▸ **WHAT TO WORK ON**: Only an exact copy is wanted: the lines from the one holding "The Pyramid of Khafre" through the last line below, minus the pictures.

▸ **INPUT DATA**:
= Beginning of Section =

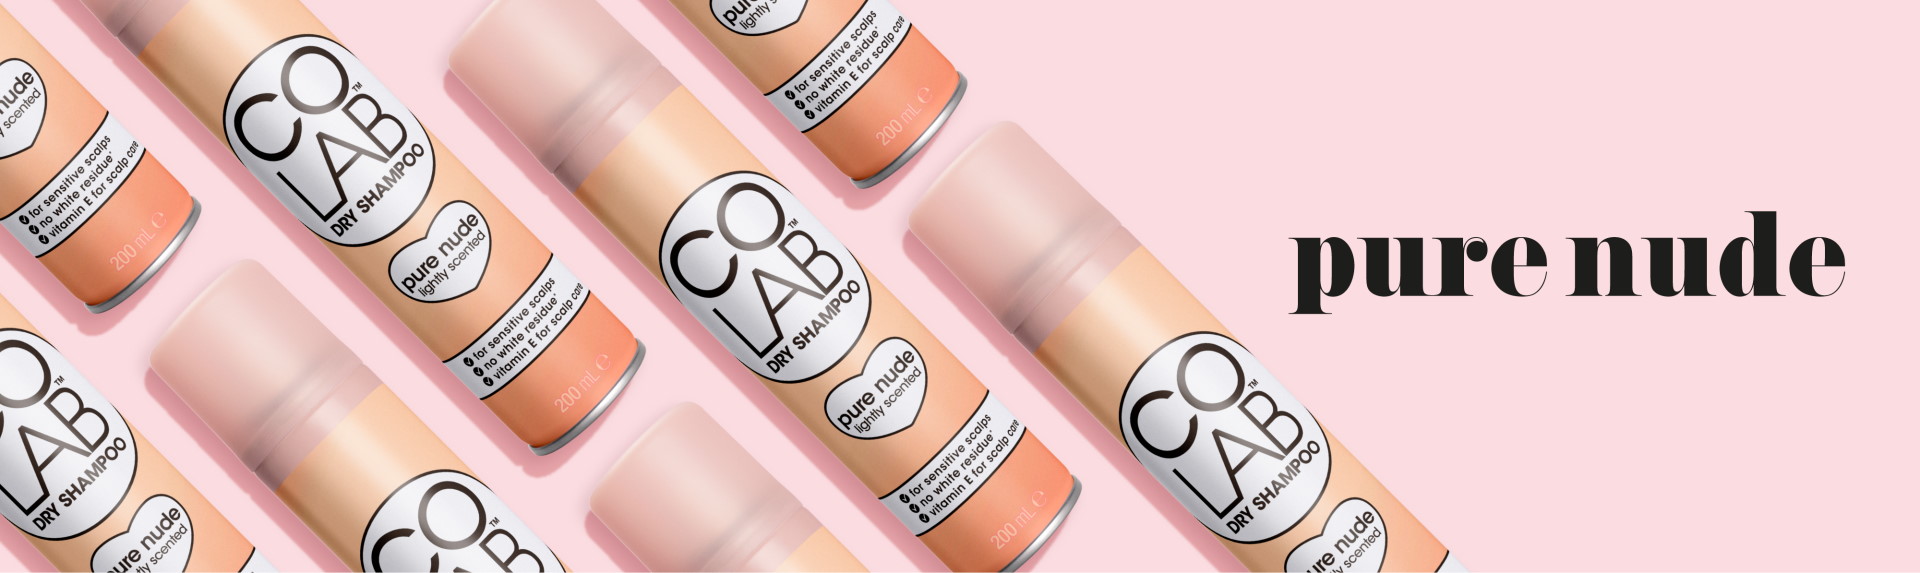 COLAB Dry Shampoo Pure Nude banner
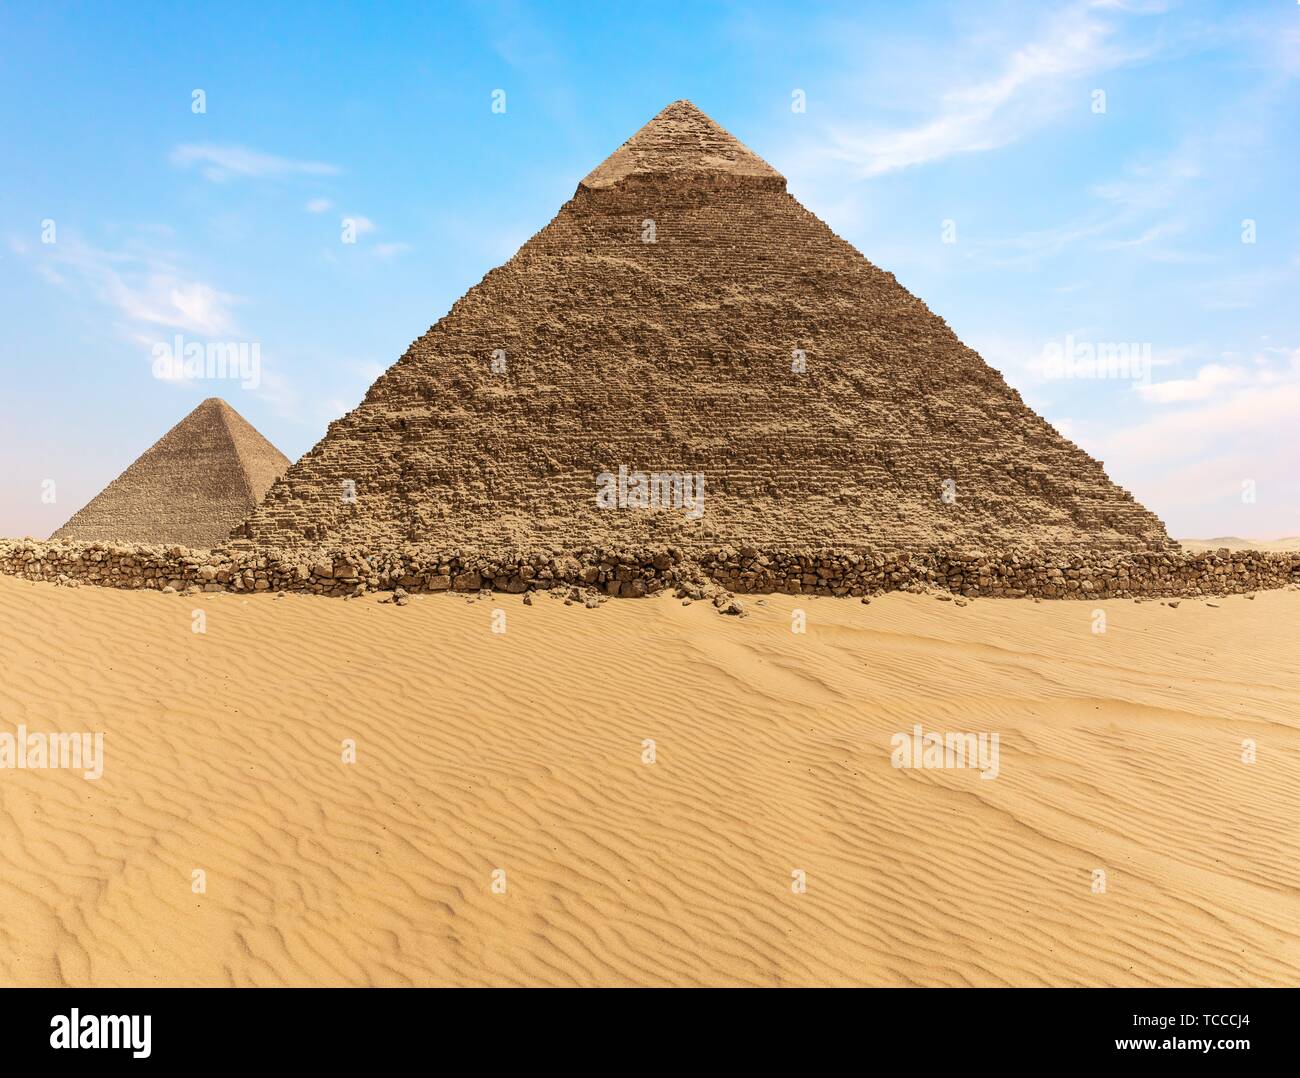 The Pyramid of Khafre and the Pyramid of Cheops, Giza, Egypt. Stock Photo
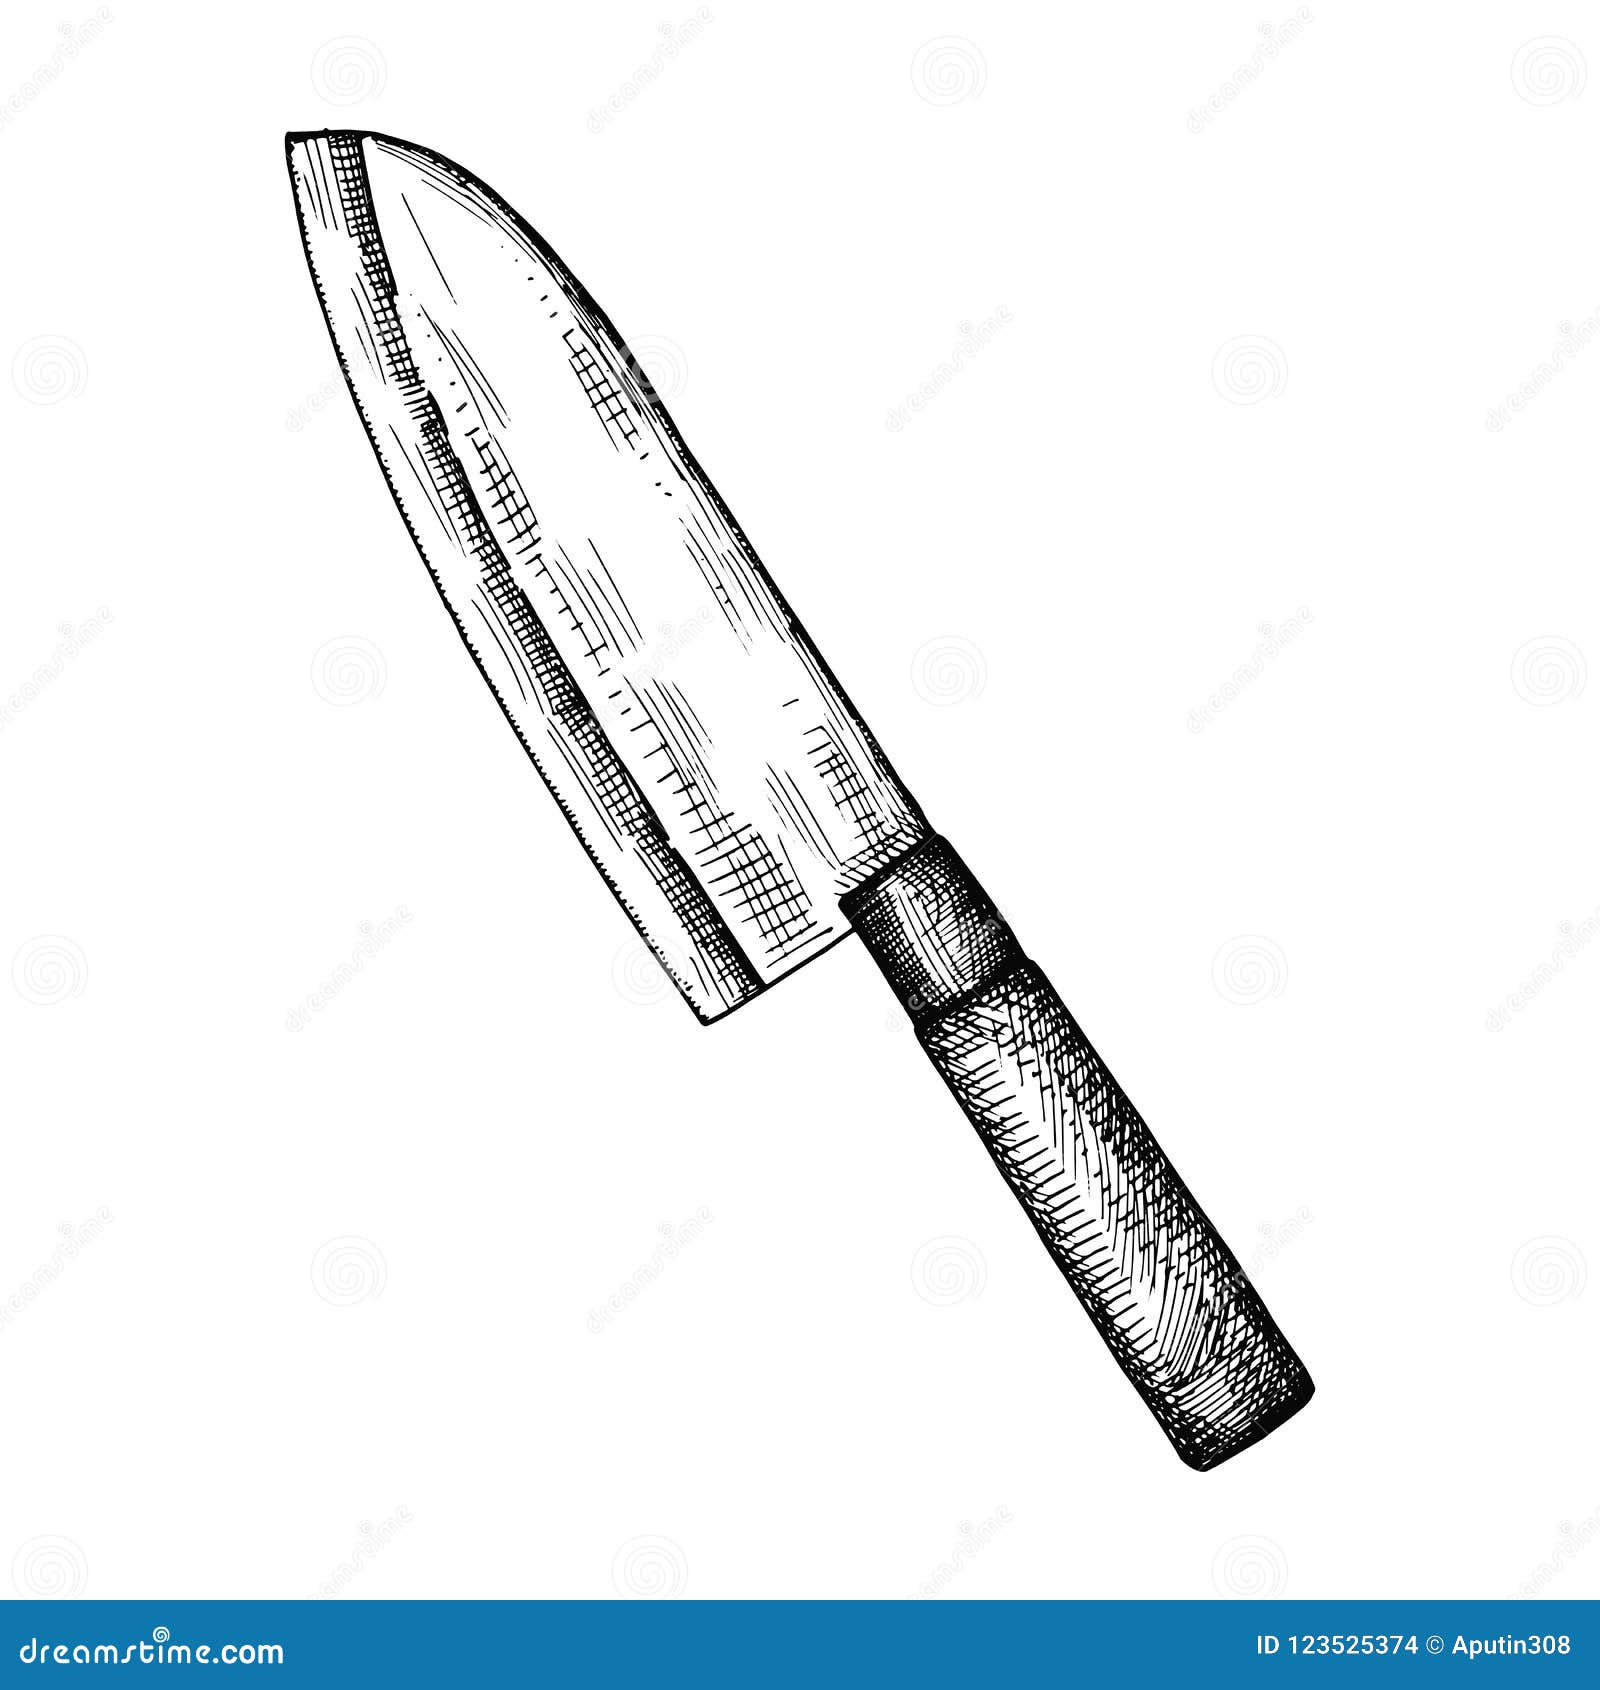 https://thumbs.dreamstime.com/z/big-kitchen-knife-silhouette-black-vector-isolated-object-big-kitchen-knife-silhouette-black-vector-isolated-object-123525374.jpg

= End of Section =

▸ **ANSWER**:
 The Pyramid of Khafre and the Pyramid of Cheops, Giza, Egypt. Stock Photo
 https://thumbs.dreamstime.com/z/big-kitchen-knife-silhouette-black-vector-isolated-object-big-kitchen-knife-silhouette-black-vector-isolated-object-123525374.jpg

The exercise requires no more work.